Оценить:
 Рейтинг: 0

Избранные произведения. Том 5

Год написания книги
1946
Теги
<< 1 2 3 4 5 6 7 ... 23 >>
На страницу:
3 из 23
Настройки чтения
Размер шрифта
Высота строк
Поля

Машина покатила дальше. Исхак так и остался стоять на подножке.

– Вот и этот тоже. Огонь-парень! – посмотрел ему вслед Гали-абзы и тронул коня. – Тебе, Газинур, тоже бы на тракториста учиться надо. Тракторист скоро будет основной фигурой в колхозе. Да и на случай войны… Теперь, друг мой, воевать придётся не на тачанках – танки в ход пойдут. А сегодняшний тракторист – завтрашний танкист…

Газинур ничего не ответил. Куда ему в трактористы! Хоть бы плугарем работать.

Они въехали в лес, спустились в сухую балку, потом снова поднялись на взгорье. На спаренной сосне у обочины дороги, на самой её вершине, стрекотала полосатая сорока. Из березняка доносилось суетливое щебетанье невидимых глазу птиц.

– Хороши наши леса! – сказал Гали-абзы, вдохнув всей грудью напоенный ароматом воздух.

То ли действительно они ехали быстро, то ли уж очень захватили юношу рассказы Гали-абзы, но дорога в Бугульму показалась на этот раз Газинуру очень короткой. И когда только они промахнули колхоз «Алга», когда осталась позади «Красная горка»! Впереди в белёсой мгле уже начали вырисовываться фабричные трубы, громада элеватора, высокие здания Бугульмы, её мельницы.

Гали-абзы принялся рассказывать Газинуру историю старой Бугульмы:

– Знаешь, это один из наиболее высоко расположенных городов европейской части СССР, – сказал он. – Лет двести назад здесь была просто маленькая деревушка, затерянная в степи. Её считали краем света. Сюда ссылали людей, которые посмели подняться против царя, против помещиков… До революции в Бугульме хозяйничали помещики Елачичи и Шкапские, миллионеры Хакимовы. Чуть ли не всё население городка с крестьянами ближних деревень работало на них. А они наживались на винокурнях, мельницах, трактирах, лавках…

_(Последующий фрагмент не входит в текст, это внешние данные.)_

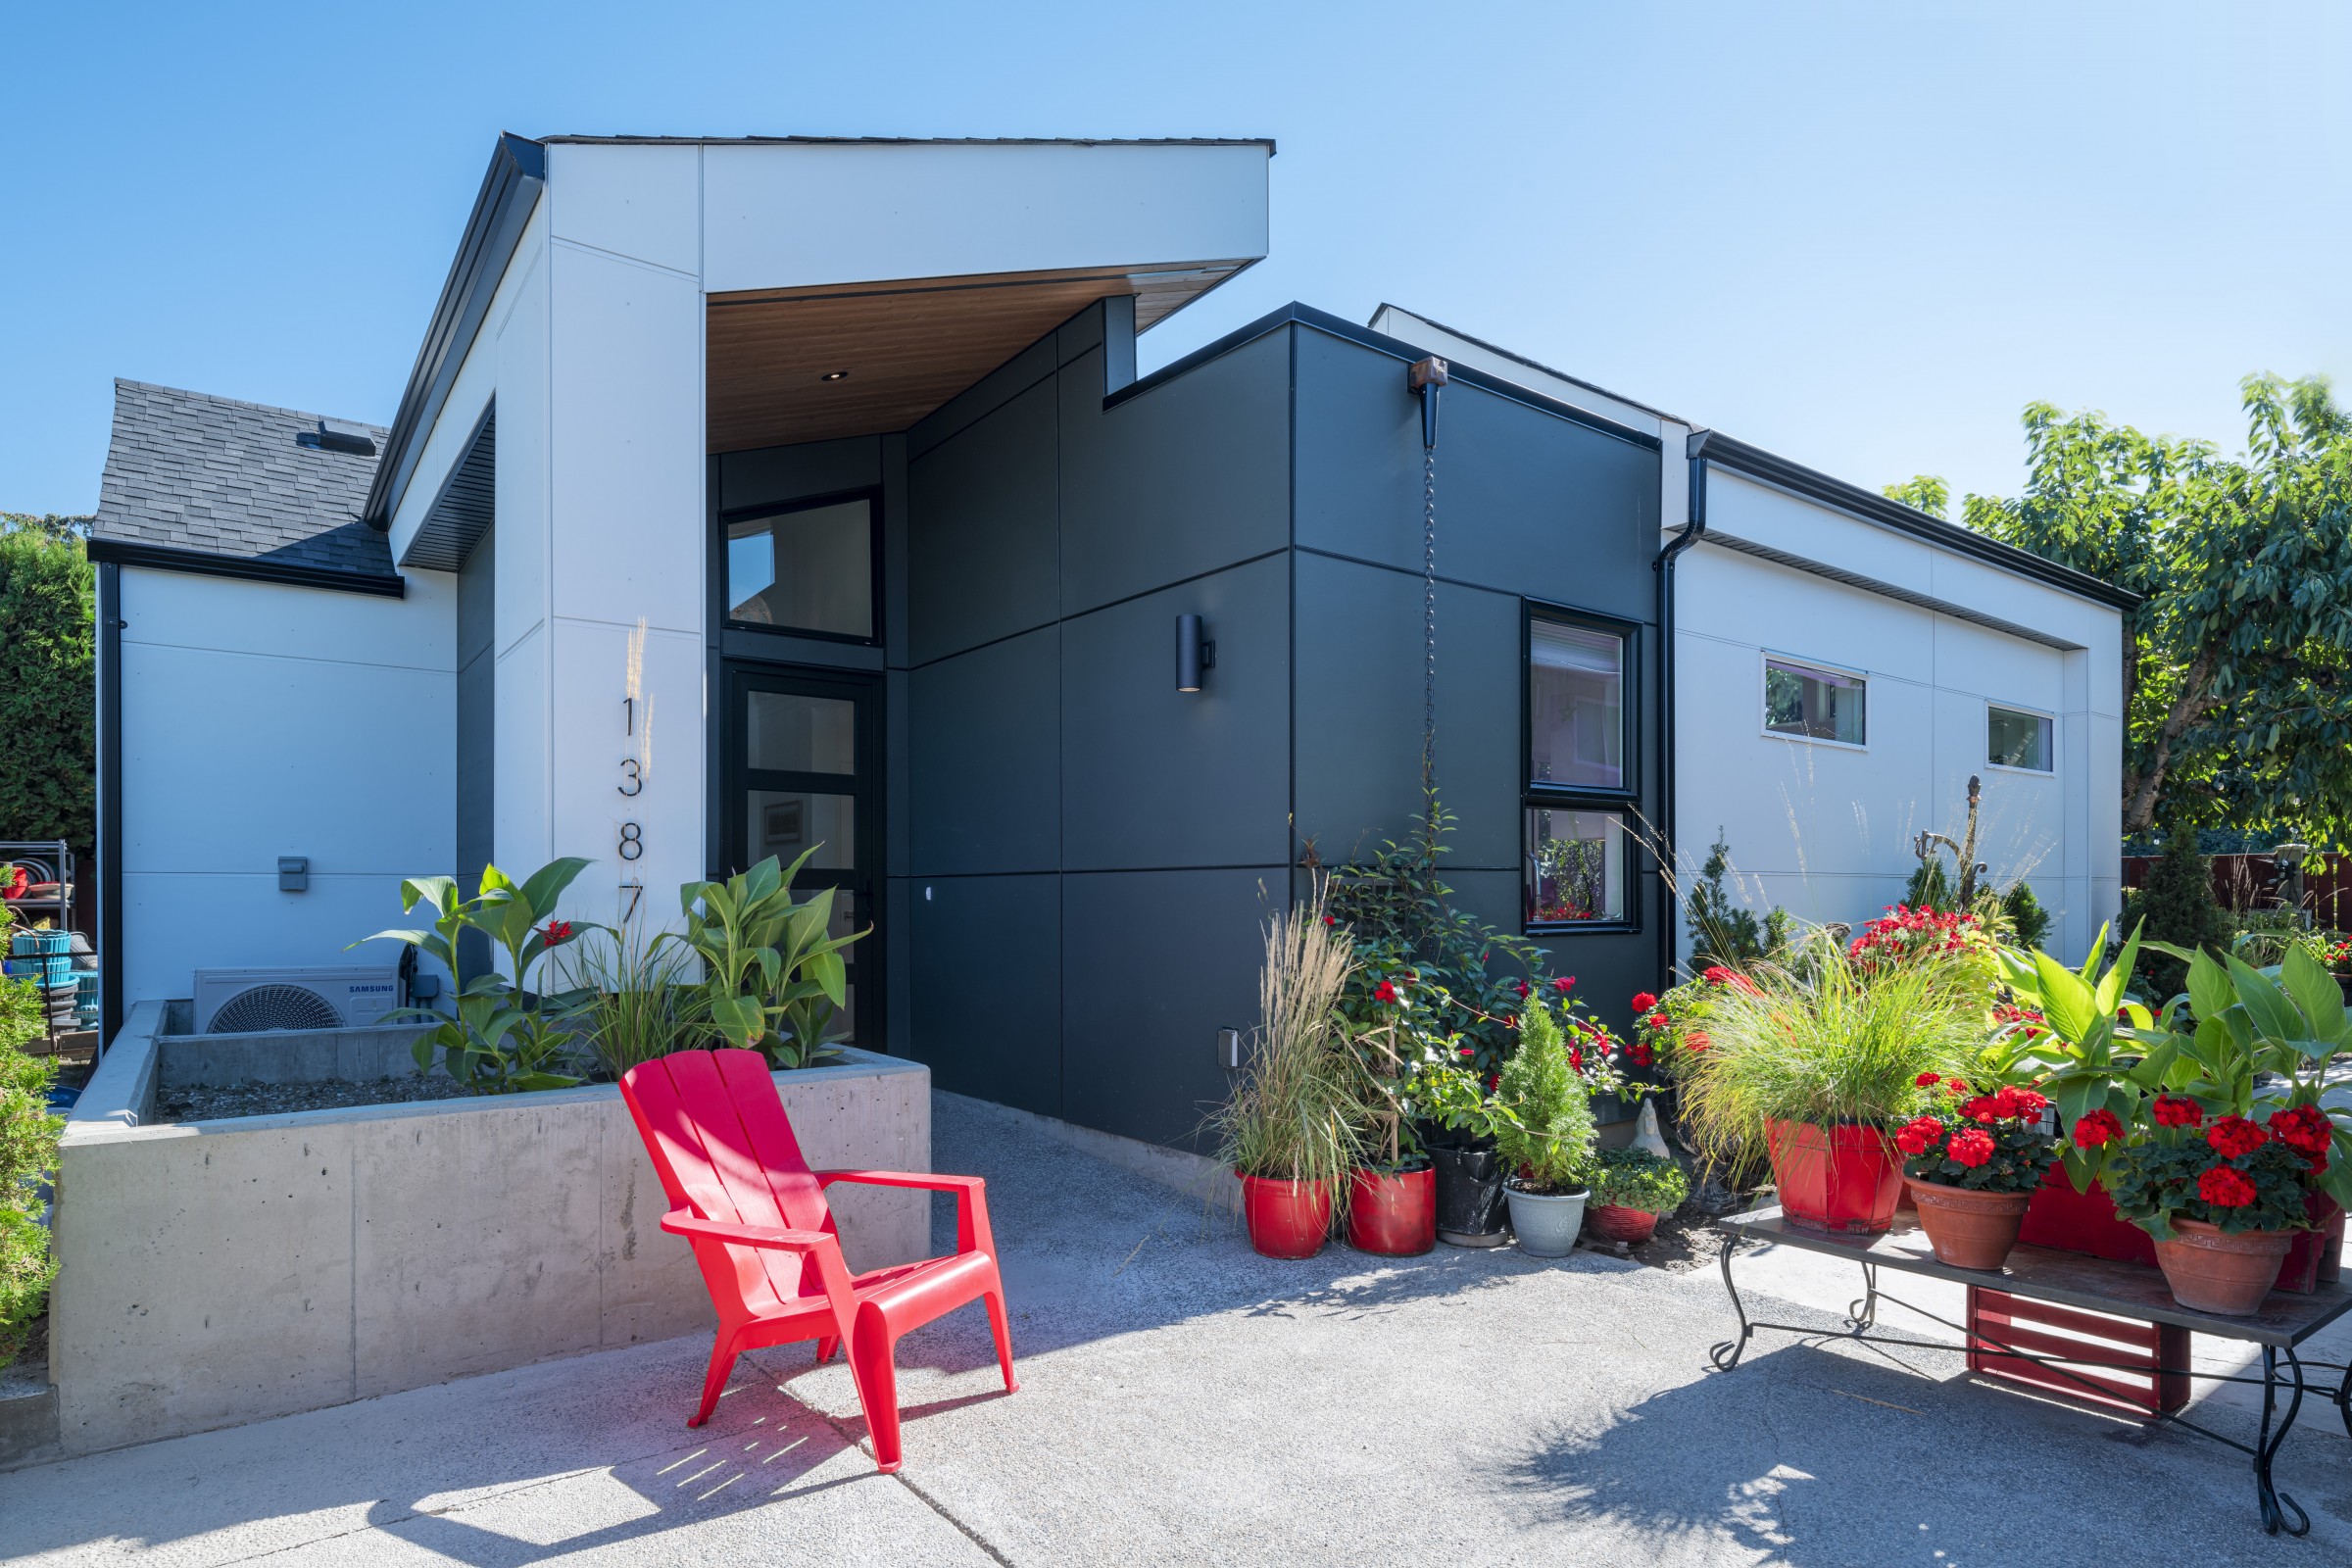 Ian Paine Construction and Design Cityside Garden Studio

На окраине Гали-абзы передал вожжи Газинуру. По дороге сплошным потоком двигались машины, цокали подковами лошади. Пыль стояла такая, что глаз не открыть.

Они въехали в Бугульму со стороны Бавлов. На площади Четырнадцати павших героев Газинур обратил внимание на группу школьников – они стояли возле огороженных решёткой братских могил; в центре огороженного пространства поднимался скромный памятник. Обступив старика-учителя, детвора звонкими голосами наперебой забрасывала его вопросами.

– И с чего эти галчата подняли такой шум? – усмехаясь, сказал Газинур.

Сказал будто в шутку, но внимательный Гали-абзы сразу подметил огонёк интереса, загоревшийся в глазах юноши. Он вынул часы. До начала бюро райкома ещё оставалось время.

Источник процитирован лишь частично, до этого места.